Material supplied →
----------

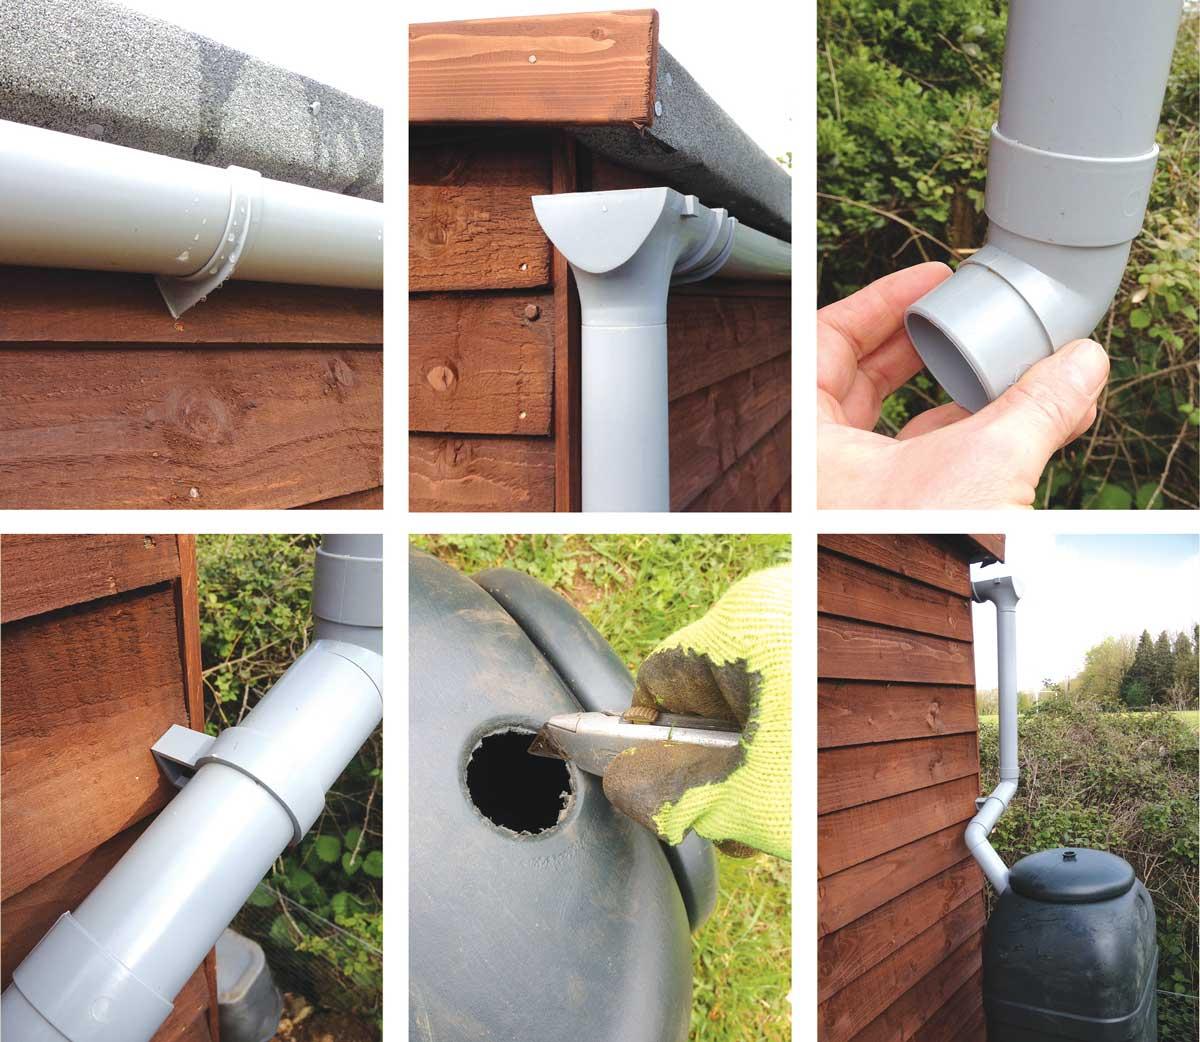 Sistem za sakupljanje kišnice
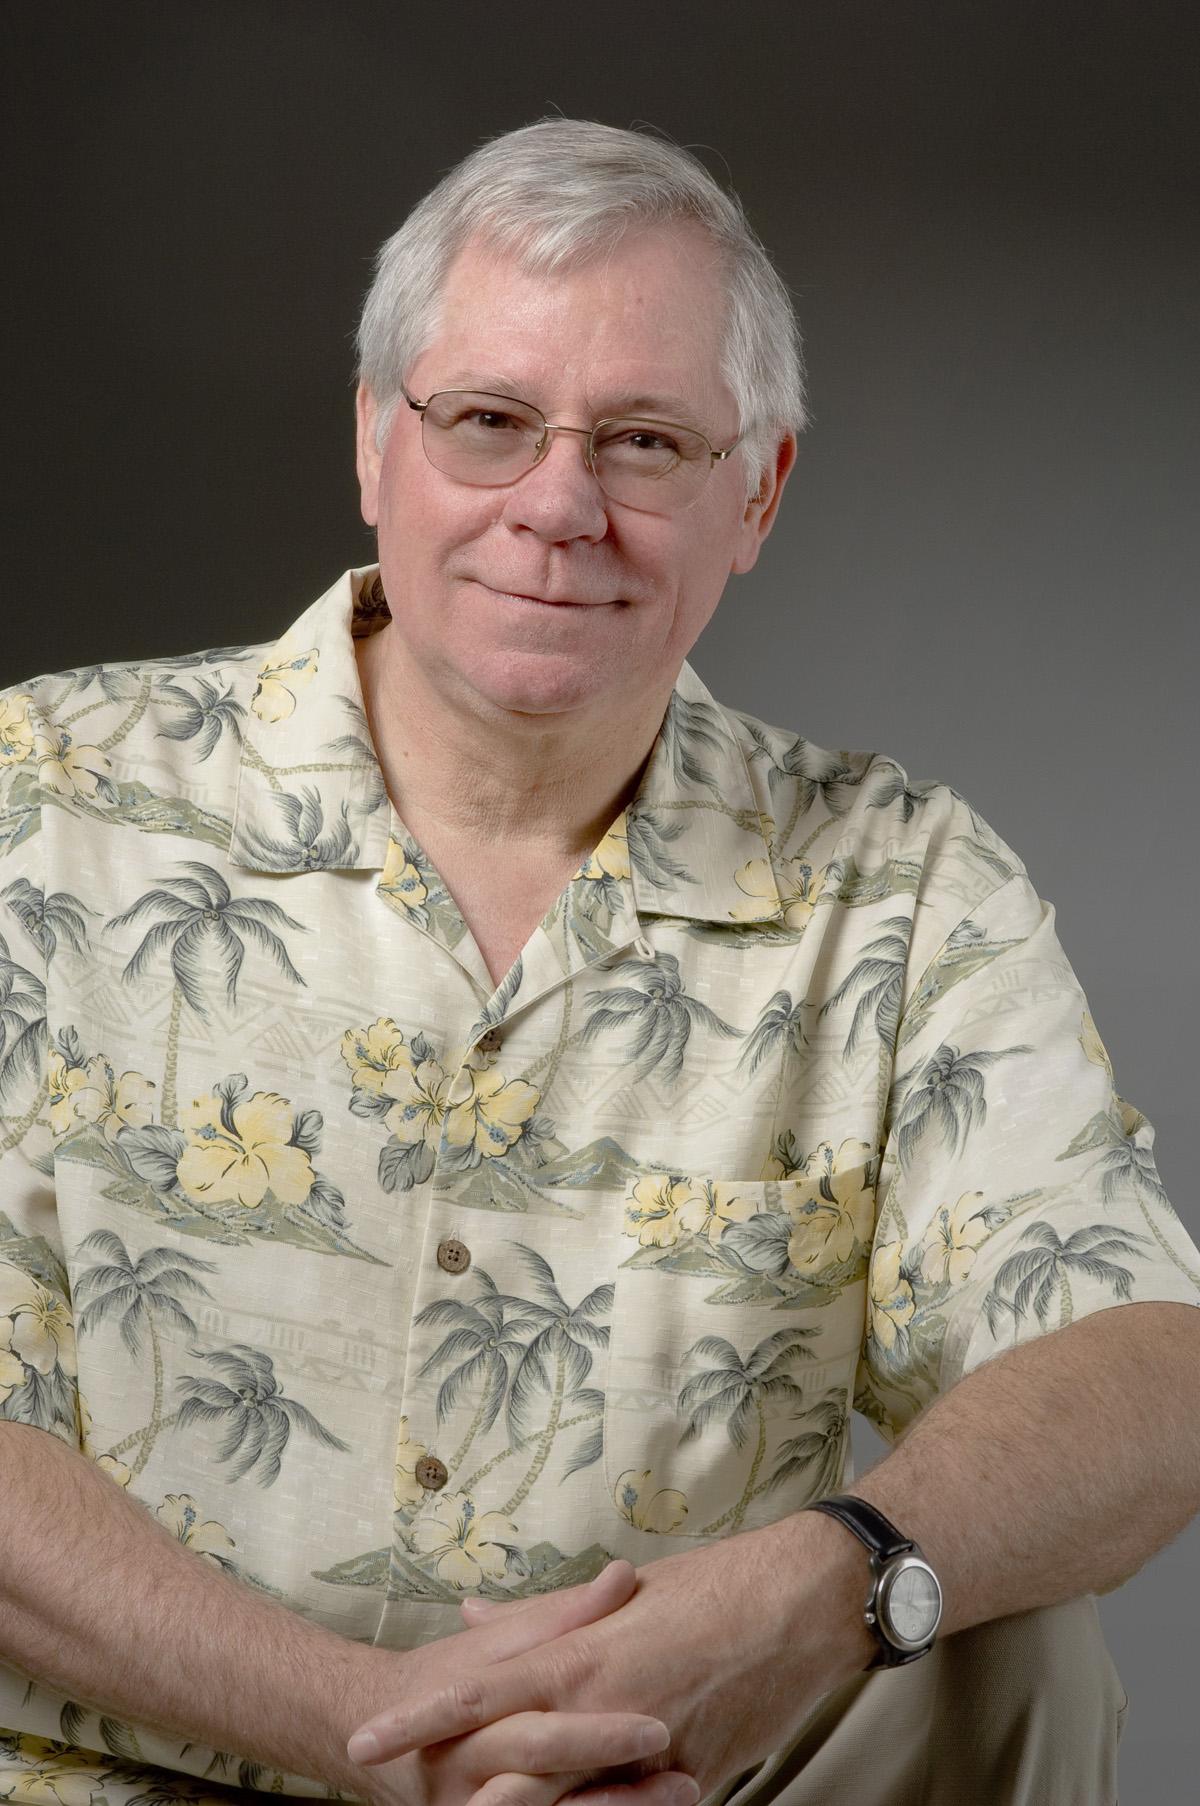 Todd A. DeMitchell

----------

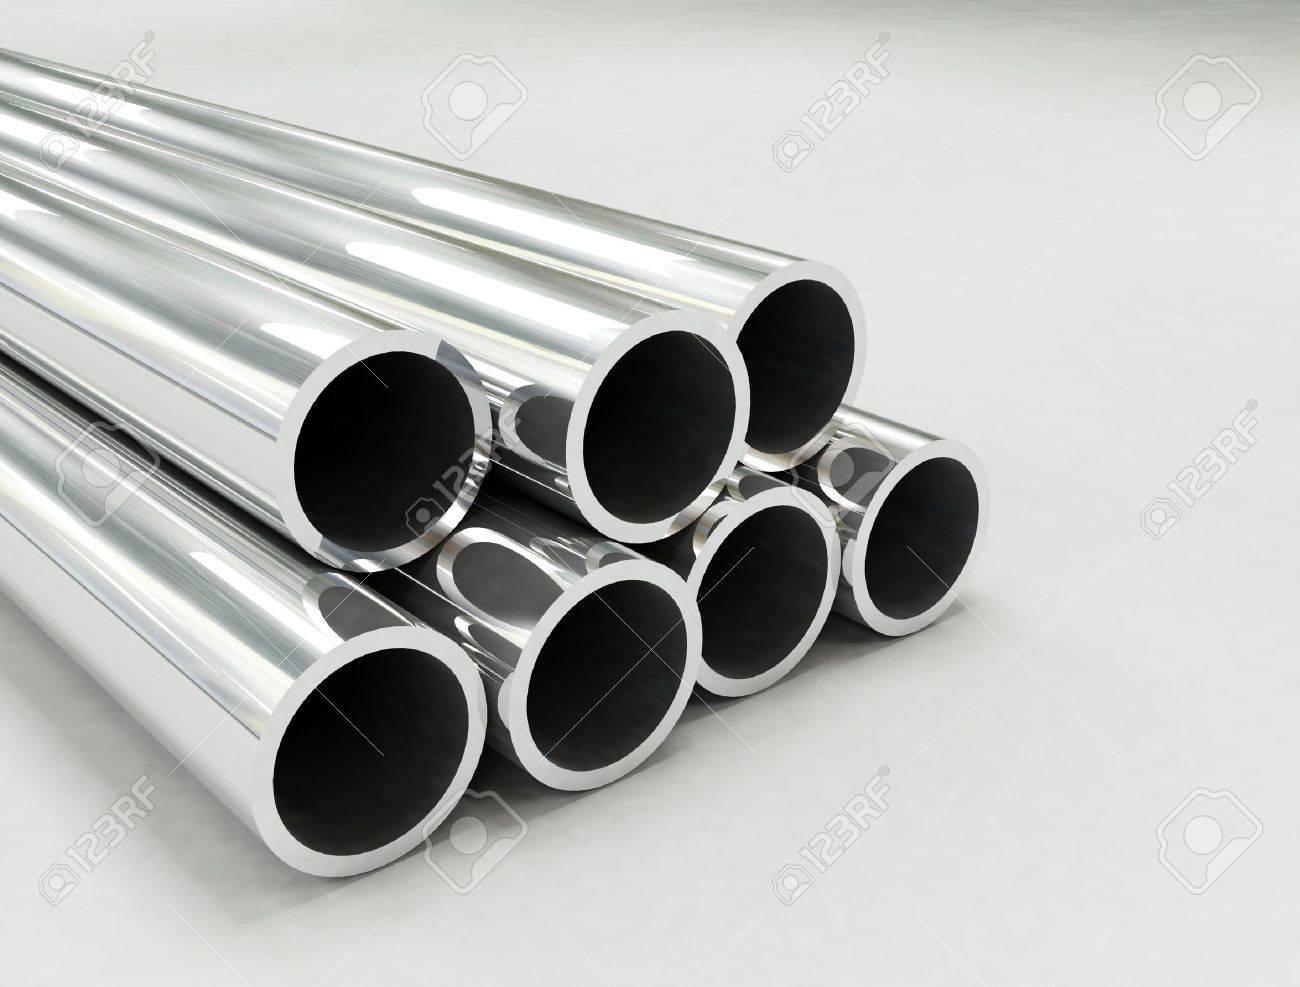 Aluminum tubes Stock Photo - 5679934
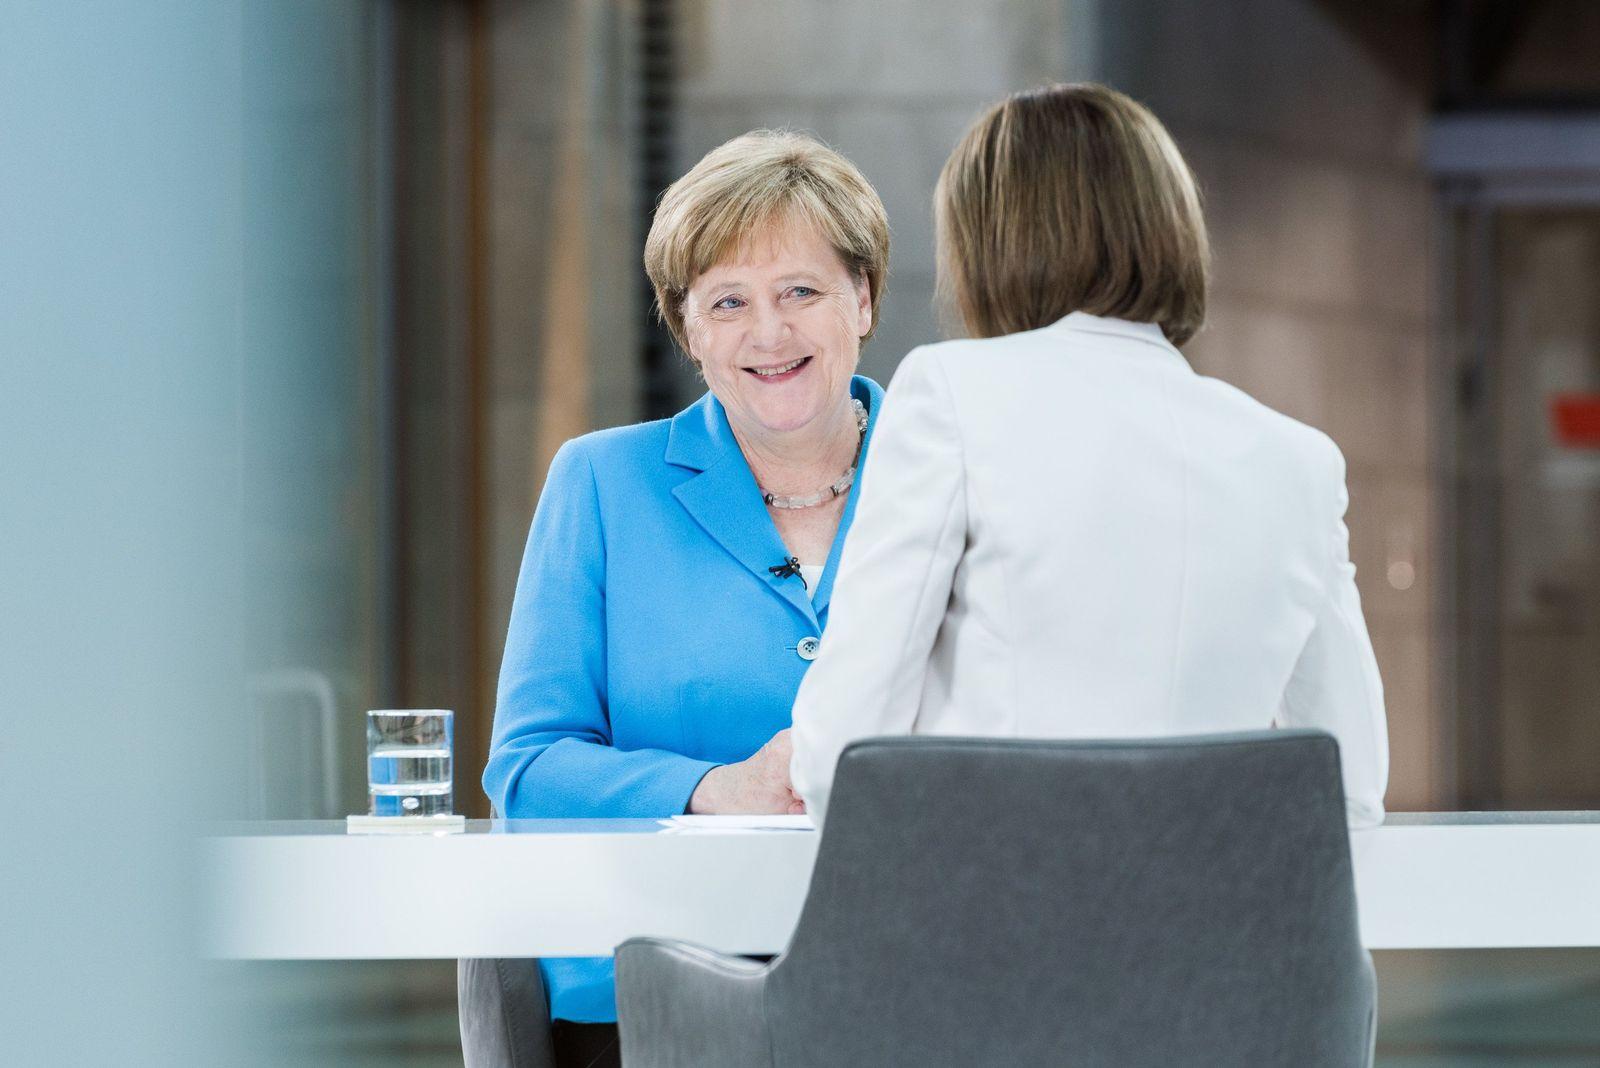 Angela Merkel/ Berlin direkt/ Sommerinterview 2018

----------

Problem to work on → Copy only the lines above from the one containing "Sistem za sakupljanje kišnice" through the one containing "Todd A. DeMitchell", both included. Leave out the pictures.

Your solution →
 Sistem za sakupljanje kišnice
 Todd A. DeMitchell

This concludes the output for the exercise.